Sr. Hadoop/spark Developer Resume
NJ
SUMMARY:
- Overall 10+ years of IT experience in a variety of industries, which includes hands on experience in Big Data Analytics and development
- Expertise with the tools in Hadoop Ecosystem including Pig, Hive, HDFS, MapReduce, Sqoop, Storm, Spark, Kafka, Yarn, Oozie, and Zookeeper.
- Excellent knowledge on Hadoop Ecosystems such as HDFS, Job Tracker, Task Tracker, Name Node, Data Node and Map Reduce programming paradigm
- Experience in designing and developing applications in Spark using Scala to compare the performance of Spark with Hive and SQL/Oracle.

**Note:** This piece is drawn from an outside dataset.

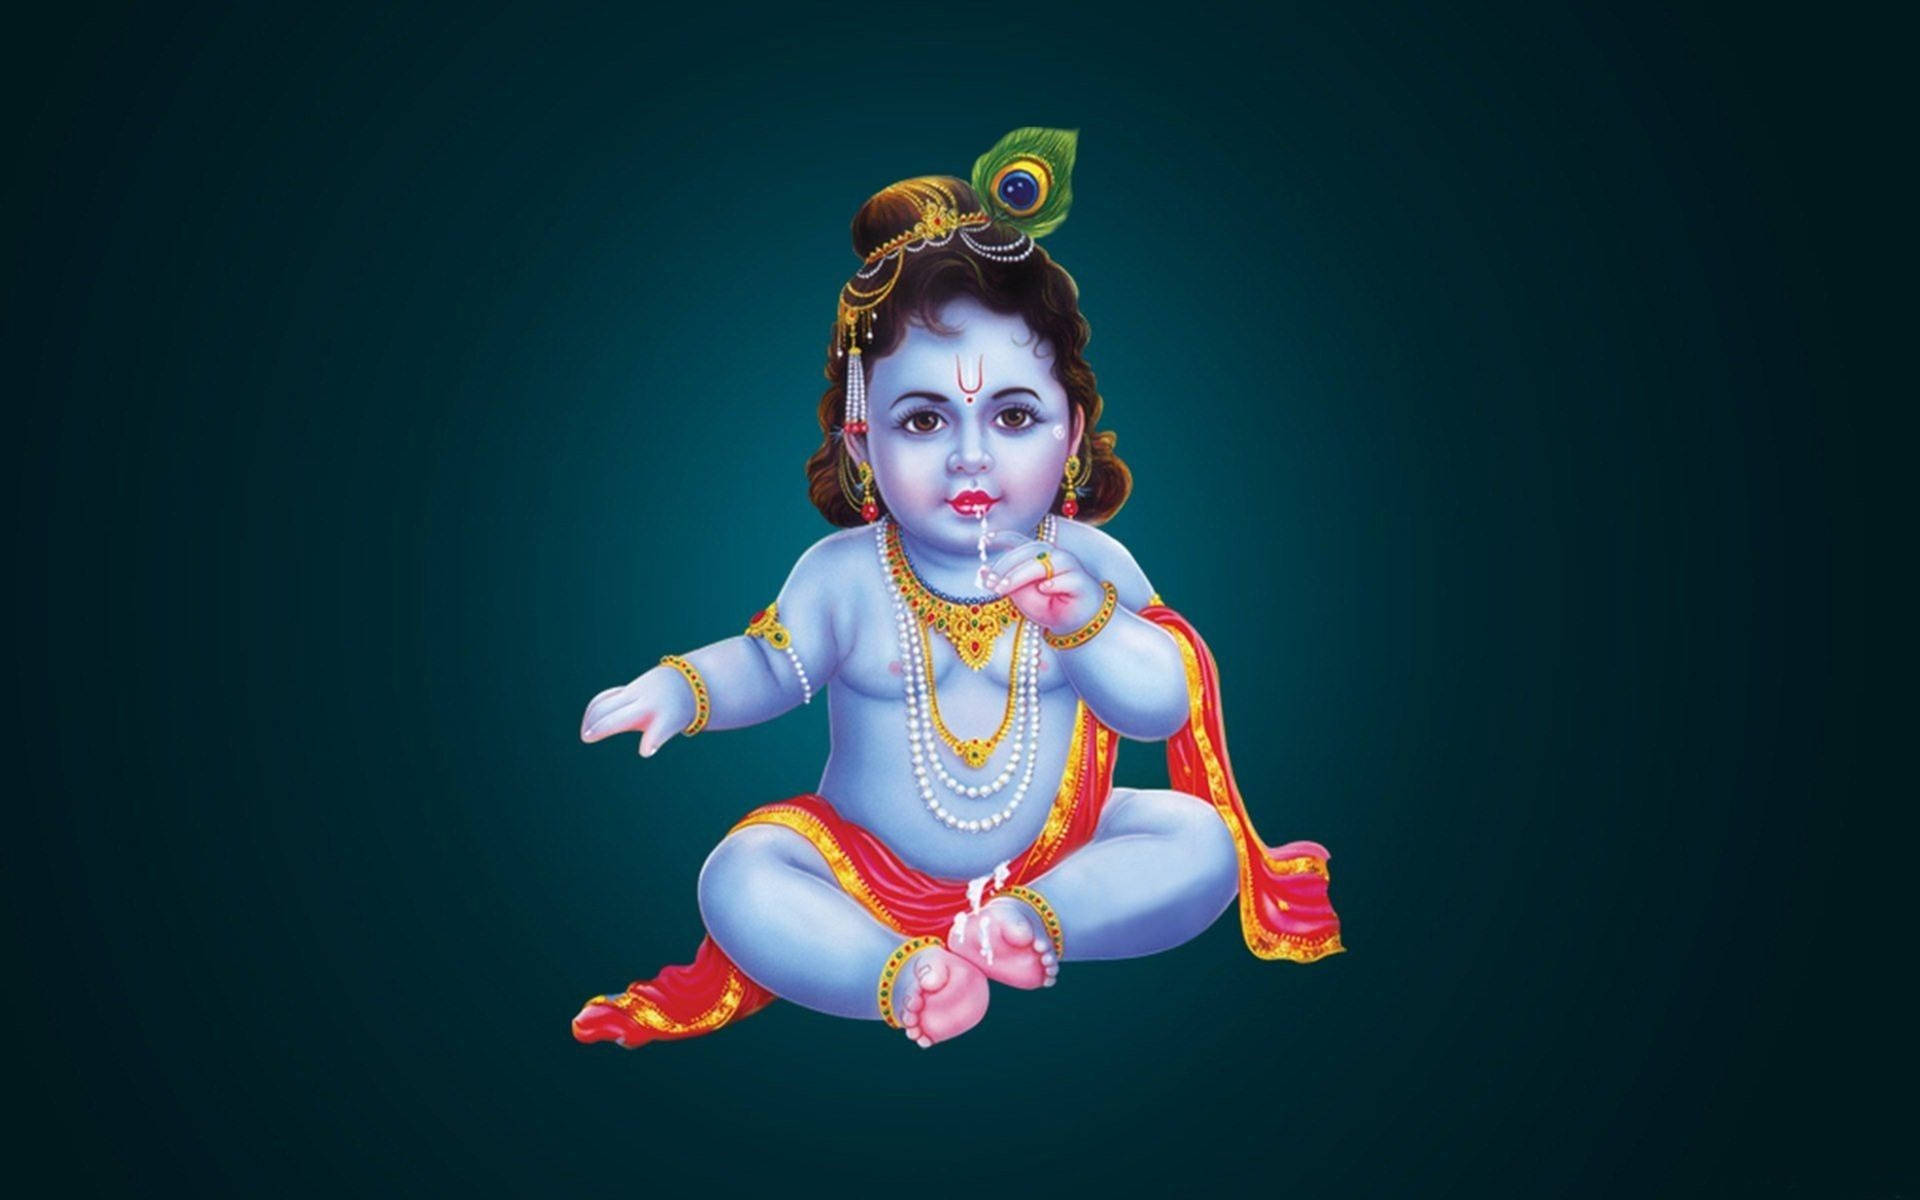 Baby Lord Krishna 4k Digital Artwork

- Good exposure with Agile software development process.
- Experience in manipulating/analyzing large datasets and finding patterns and insights within structured and unstructured data.
- Strong experience on Hadoop distributions like Cloudera, MapR and HortonWorks.
- Good understanding of NoSQL databases and hands on work experience in writing applications on NoSQL databases like HBase and Postgres.
- Experienced in writing complex MapReduce programs that work with different file formats like Text, Sequence, Xml, parquet and Avro.
- Experience in Oozie and workflow scheduler to manage Hadoop jobs by Direct Acyclic Graph (DAG) of actions with control flows.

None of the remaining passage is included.